After Shultz visit, mistrust lingers in China-US ties

The Reagan administration cannot have its Taiwan cake and eat it too. That seems to be the first signal the Chinese leadership has sent to Washington in the wake of Secretary of State George Shultz's visit here last week.

Premier Zhao Ziyang has accepted President Reagan's invitation to visit the United States. But a controversy over whether he is or is not coming this year illustrates how little mutual trust and confidence there is between Washington and Peking despite Mr. Shultz's visit.

President Reagan came to office as a man known to be sympathetic to Taiwan but also conscious of the need to make common cause with China against the Soviet Union. He ordered Mr. Shultz to visit Peking and took the occasion to renew a longstanding invitation to Mr. Zhao to visit the US.

Mr. Zhao accepted the invitation but left the specific date to be negotiated through diplomatic channels. While Shultz was still in Peking, the White House announced Feb. 5 that Zhao had accepted the President's invitation to come to Washington ''in 1983.'' Media stories from Washington quoted an American official as saying that Reagan himself was unlikely to visit China during his current term because he would have to consider the impact on Taiwan.

Up to that point Peking's coverage of the Shultz visit had been restrained, pointing out that there were problems and obstacles in relations between the US and Washington but without going into great detail about Peking's contentions regarding Taiwan.

The White House announcement, however, and the tendency American officials had displayed at briefings to downplay the Taiwan problem, apparently raised tempers in Peking.

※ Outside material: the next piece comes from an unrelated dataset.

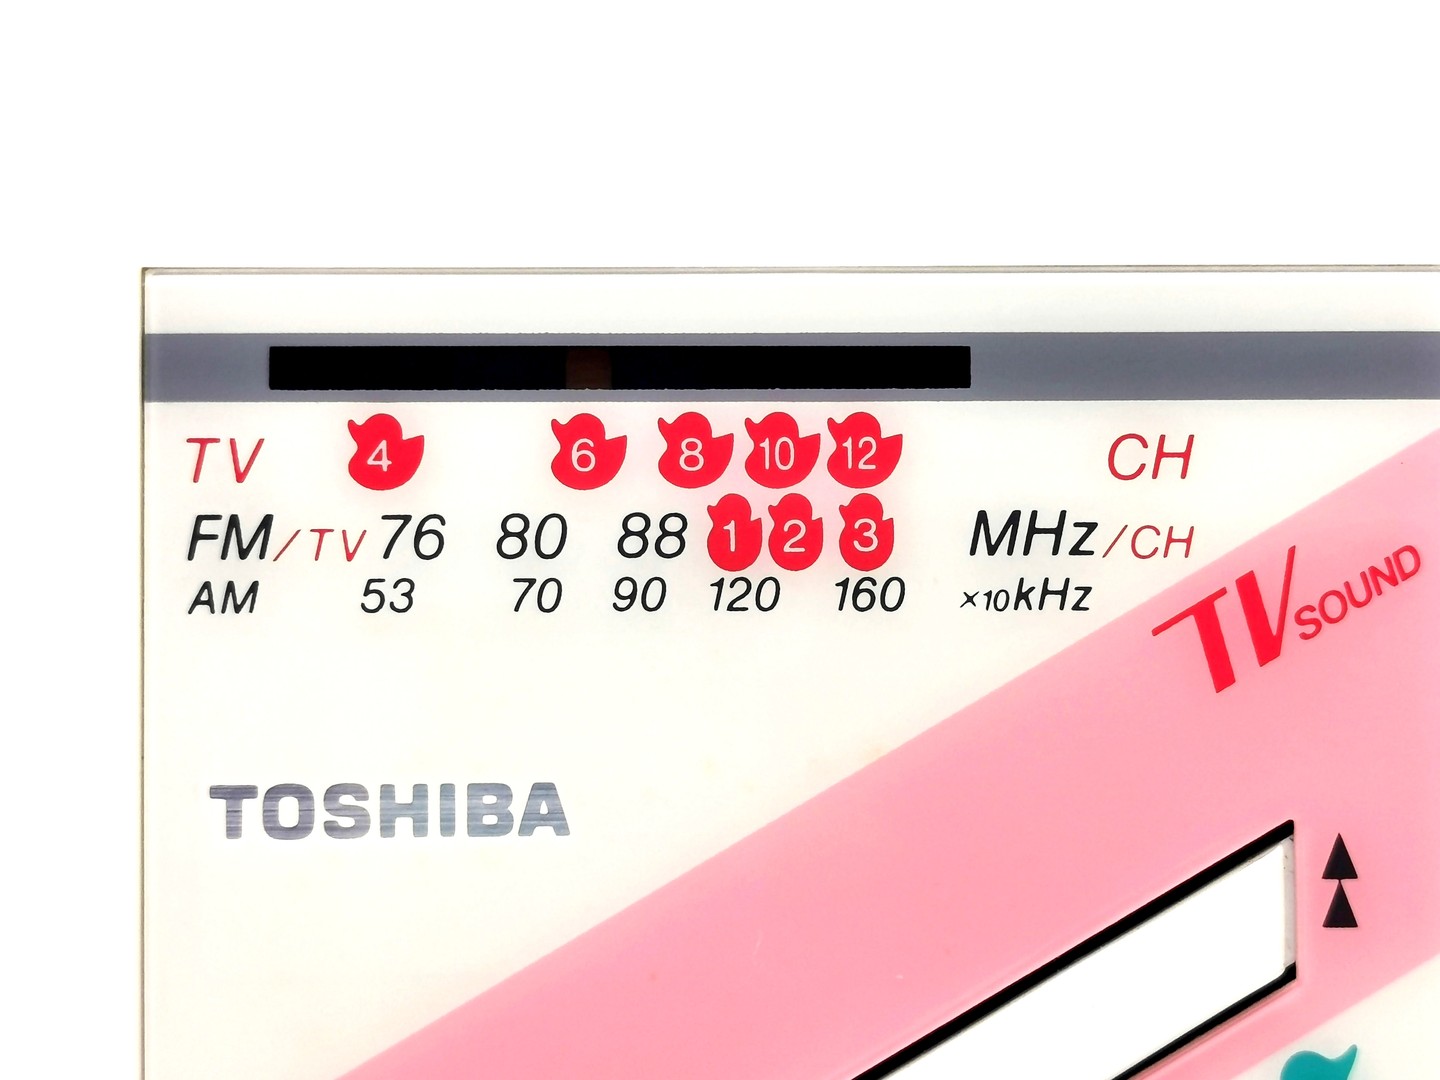 Toshiba-KT-PS10-Pink-Zoom-radio-ig-boxedwalkman

There followed a swift, stinging account of the Shultz visit from Peking's viewpoint, stressing that without solving the Taiwan problem ''mutual trust between China and the US is out of the question.''

The following day, Feb. 7, Peking's foreign office issued another curt statement noting that Zhao had indeed accepted Reagan's invitation but that the date was yet to be fixed and that ''it has not been decided he will go this year.''

It now appears that the White House statement Feb. 5 was made without Shultz's knowledge and that it seriously undercut his patient effort to convince Peking that the Reagan administration was a government with which China could enjoy a relationship of mutual trust and confidence despite continuing differences over Taiwan.

Meanwhile, Peking and Washington have been involved in other disputes having little or nothing to do with Taiwan. The protracted negotiations over China's textile exports to the US are one such issue. The kind of high technology the US is willing to export to China is another.

The first dispute has to do with the current recession in the US and other industrialized nations. The second has to do first with what kind of high technology the US is willing to export at all, and second to what categories of countries these exports may go.

The US has had great difficulties in both areas even with close friends and allies. How should it categorize China? As a potential foe, like the Soviet Union? As a nonaligned friend, like India or Yugoslavia?

In terms of US global strategic interests, Reagan administration sources see China as an important partner in the global effort to contain Soviet expansionism. Peking largely shares the White House view of the Soviet Union as an expansion-minded ''hegemonist'' power, although to Washington's intense irritation Peking also faults the US for manifestations of ''hegemonism.''

As regards Taiwan, Peking is not asking President Reagan to abandon the relationship the Carter administration so carefully worked out with ''the people of Taiwan'' nor does it demand an immediate halt to the supply of defensive arms to Taiwan.

It does, however, demand strict compliance with a premise President Reagan inherited from his predecessor, that there is but one China, the People's Republic, and that Taiwan is part of this one China.

Tactics such as the White House announcement of Feb. 5 suggest to the Chinese leadership that while President Reagan wants a Sino-American partnership in the global strategic arena against the Soviet Union, in bilateral relations the President's heart remains with Taiwan. Unless and until this perception changes, there can be neither warmth nor trust in this administration's relations with China.